» **MATERIAL FOR THE TASK**:

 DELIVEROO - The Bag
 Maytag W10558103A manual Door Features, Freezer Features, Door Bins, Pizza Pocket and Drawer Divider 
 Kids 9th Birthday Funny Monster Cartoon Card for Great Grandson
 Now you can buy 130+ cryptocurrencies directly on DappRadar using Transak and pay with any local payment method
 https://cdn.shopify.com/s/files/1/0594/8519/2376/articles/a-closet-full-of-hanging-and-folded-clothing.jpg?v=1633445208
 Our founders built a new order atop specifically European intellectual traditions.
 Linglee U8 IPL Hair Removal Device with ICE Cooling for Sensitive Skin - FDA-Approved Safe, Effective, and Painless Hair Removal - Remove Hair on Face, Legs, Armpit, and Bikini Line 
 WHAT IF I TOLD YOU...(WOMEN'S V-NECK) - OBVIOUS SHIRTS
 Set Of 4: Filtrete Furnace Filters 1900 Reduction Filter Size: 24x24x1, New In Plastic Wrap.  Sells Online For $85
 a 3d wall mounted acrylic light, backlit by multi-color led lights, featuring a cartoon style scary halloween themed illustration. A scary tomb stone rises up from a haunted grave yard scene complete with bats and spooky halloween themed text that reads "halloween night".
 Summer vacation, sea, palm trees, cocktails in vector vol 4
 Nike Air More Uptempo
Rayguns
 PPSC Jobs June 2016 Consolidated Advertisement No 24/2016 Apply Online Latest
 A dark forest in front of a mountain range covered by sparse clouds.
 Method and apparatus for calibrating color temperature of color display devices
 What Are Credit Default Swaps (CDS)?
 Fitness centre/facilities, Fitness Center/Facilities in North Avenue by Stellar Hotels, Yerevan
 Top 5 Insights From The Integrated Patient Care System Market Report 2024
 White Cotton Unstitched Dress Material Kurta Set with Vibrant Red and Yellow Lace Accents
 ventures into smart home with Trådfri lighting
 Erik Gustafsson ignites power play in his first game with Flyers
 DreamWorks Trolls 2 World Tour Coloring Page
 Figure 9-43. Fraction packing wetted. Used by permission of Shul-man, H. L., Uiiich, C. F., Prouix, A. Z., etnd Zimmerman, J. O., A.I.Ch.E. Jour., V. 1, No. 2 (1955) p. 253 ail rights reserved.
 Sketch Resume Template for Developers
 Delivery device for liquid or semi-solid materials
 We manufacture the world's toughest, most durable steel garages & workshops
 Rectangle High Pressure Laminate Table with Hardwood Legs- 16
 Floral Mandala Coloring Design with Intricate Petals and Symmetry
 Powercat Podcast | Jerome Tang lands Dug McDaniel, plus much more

» **DIRECTIONS**:
Find the number of lines above that hold the word "Coloring", then write that number by itself.

» **ANSWER TO THIS EXERCISE**:
2